O bispo da Igreja de Nosso Senhor Jesus Cristo no Mundo (INSJC), Os Tocoistas, Dom Afonso Nunes, disse ontem, em Catete, sede do município de Icolo e Bengo, que a África precisa de entrar num novo paradigma.

Falando na abertura da Conferência Internacional sobre a Efusão do Espírito em África e Suas Implicações, alusiva ao 70º aniversário da igreja que dirige, assinalado ontem, 25 de Julho, sustentou que o continente precisa de um novo paradigma para auto-descobrir-se  e “entender quem ele é” e poder ganhar uma nova postura na sua forma de “ser e de Defendido novo paradigma de governação para África estar”.

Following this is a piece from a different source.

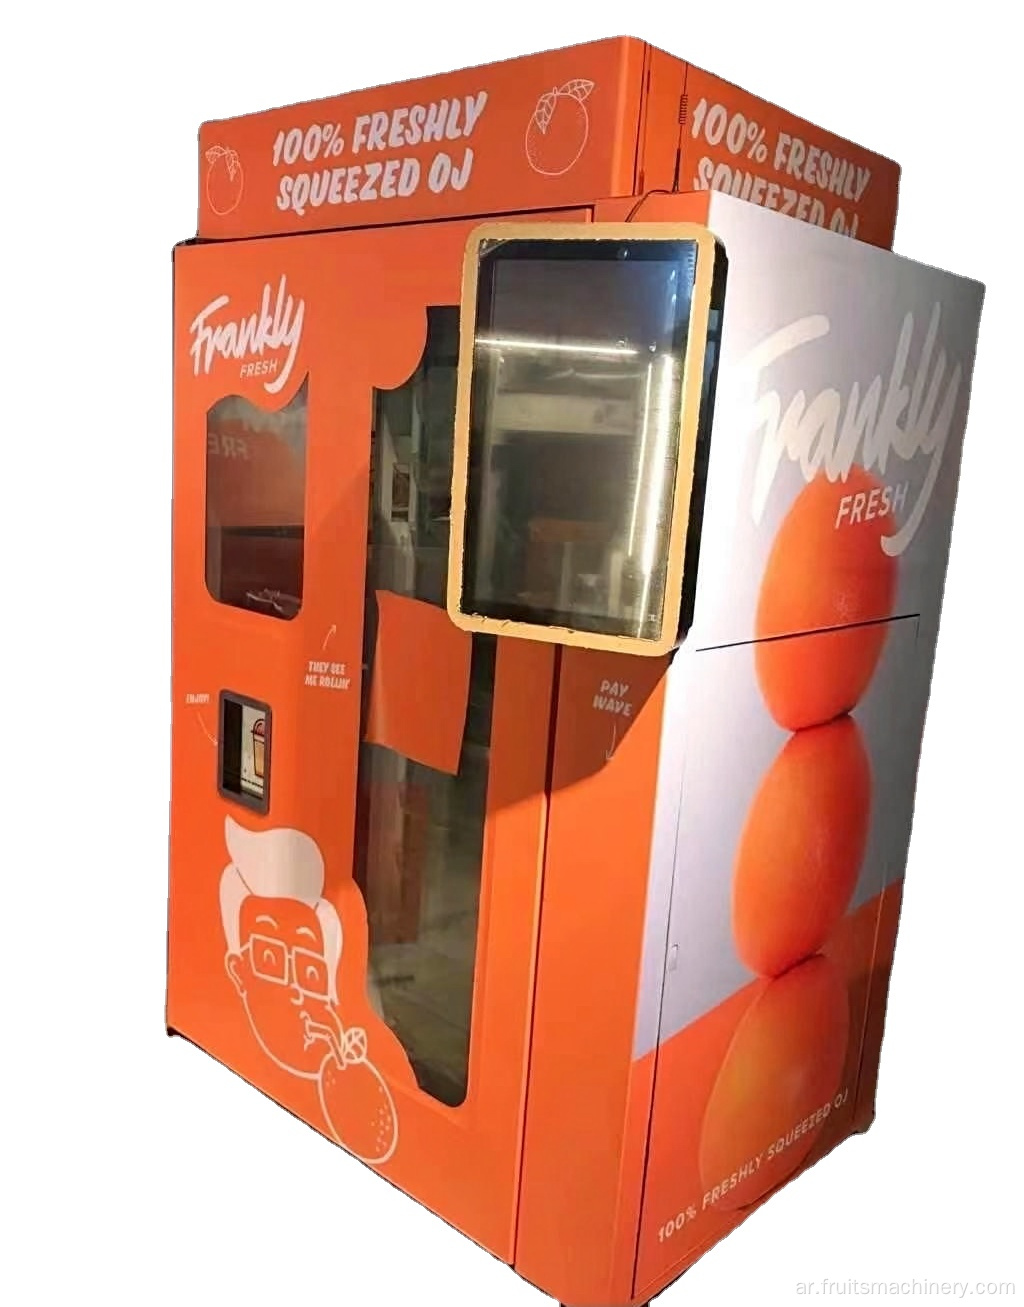 آلة بيع عصير البرتقال

Segundo o prelado, o continente precisa de um novo impulso nas suas várias dimensões, sendo este um dos propósitos pelos quais a igreja debateu-se num encontro mantido em Galina, no antigo Congo Belga, actual República Democrática do Congo, que reuniu mais de 40 delegações provenientes de todo o Mundo.

Neste encontro, de acordo com o líder dos tocoistas, tratou-se de questões da saúde, educação, emancipação da mulher e outros, mas contra todas expectativas, África continua a ser um continente com um futuro adiado, porque “continua a servir interesses alheios”. Na opinião de Dom Afonso Nunes, o continente deve trabalhar para desenvolver-se e livrar-se da dependência económica e financeira de países de outros continentes.. Essa subordinação é interpretada pelo bispo como o continente não estando livre, pelo facto de, em alguns casos, os estrangeiros passarem a ditar as regras do jogo da África.

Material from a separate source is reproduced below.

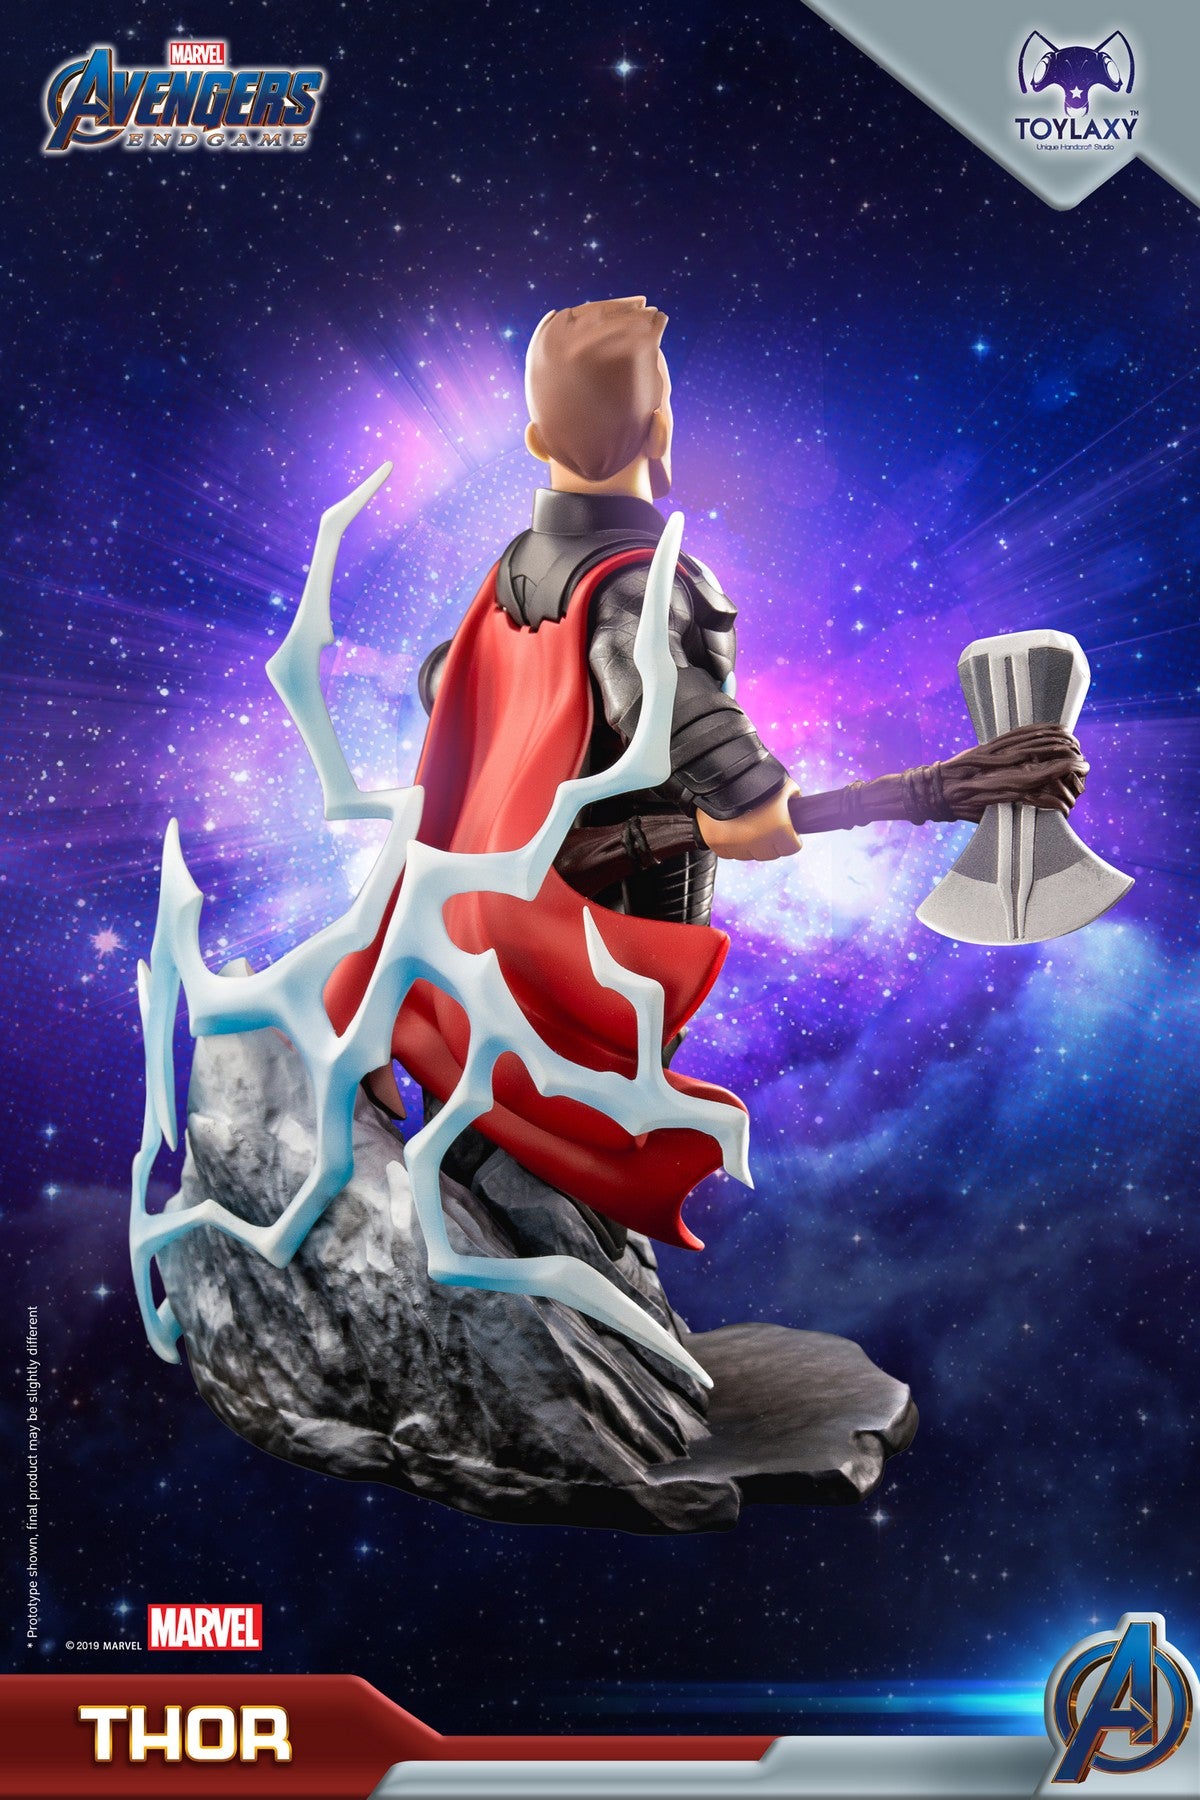 漫威復仇者聯盟：雷神索爾正版模型手辦人偶玩具 Marvel's Avengers: Endgame Premium PVC Thor official figure toy 1 thor doll back

Afirmou que um poder sem economia e finanças é um poder sem estabilidade para conferir maior dignidade aos seus cidadãos, e essa situação continua a ser vigente. “Sem economia e sem finanças, você não tem poder”, sublinhou, reforçando ser urgente que a igreja africana reze e reflicta sobre esta situação, sendo esta uma missão das igrejas, rezarem pelos seus presidentes para dirigirem bem os seus povos.

Sobre a data

Para a comemoração da data, vários temas serão abordados por pastores angolanos e académicos estrangeiros, como é o caso do professor universitário Mohammad Camara, da Howard University, dos Estados Unidos da América, brasileiros e outros. De entre outros temas, a conferência está a abordar “O Espírito Santo Como Guia e Força Consoladora”, “ A Efusão do Espírito Santo em África, Consequências e Implicações”; “O Propósito de Deus e Sucessão Espiritual desde Moisés”.

Para os tocoistas, o 25 de Julho de 1949 marcou o continente africano, tendo como implicações imediatas a libertação do jugo colonial, a procura do caminho da Independência económica e, acima de tudo, da afirmação da Igreja de Nosso Senhor Jesus Cristo no Mundo, fundada pelo profeta Simão Gonçalves Toco. O encontro, em que participam delegados da RDC, Zâmbia, Malawi, Tanzânia, África do Sul, Zimbabwe, Japão, Brasil, Namíbia e outros, encerra esta tarde. .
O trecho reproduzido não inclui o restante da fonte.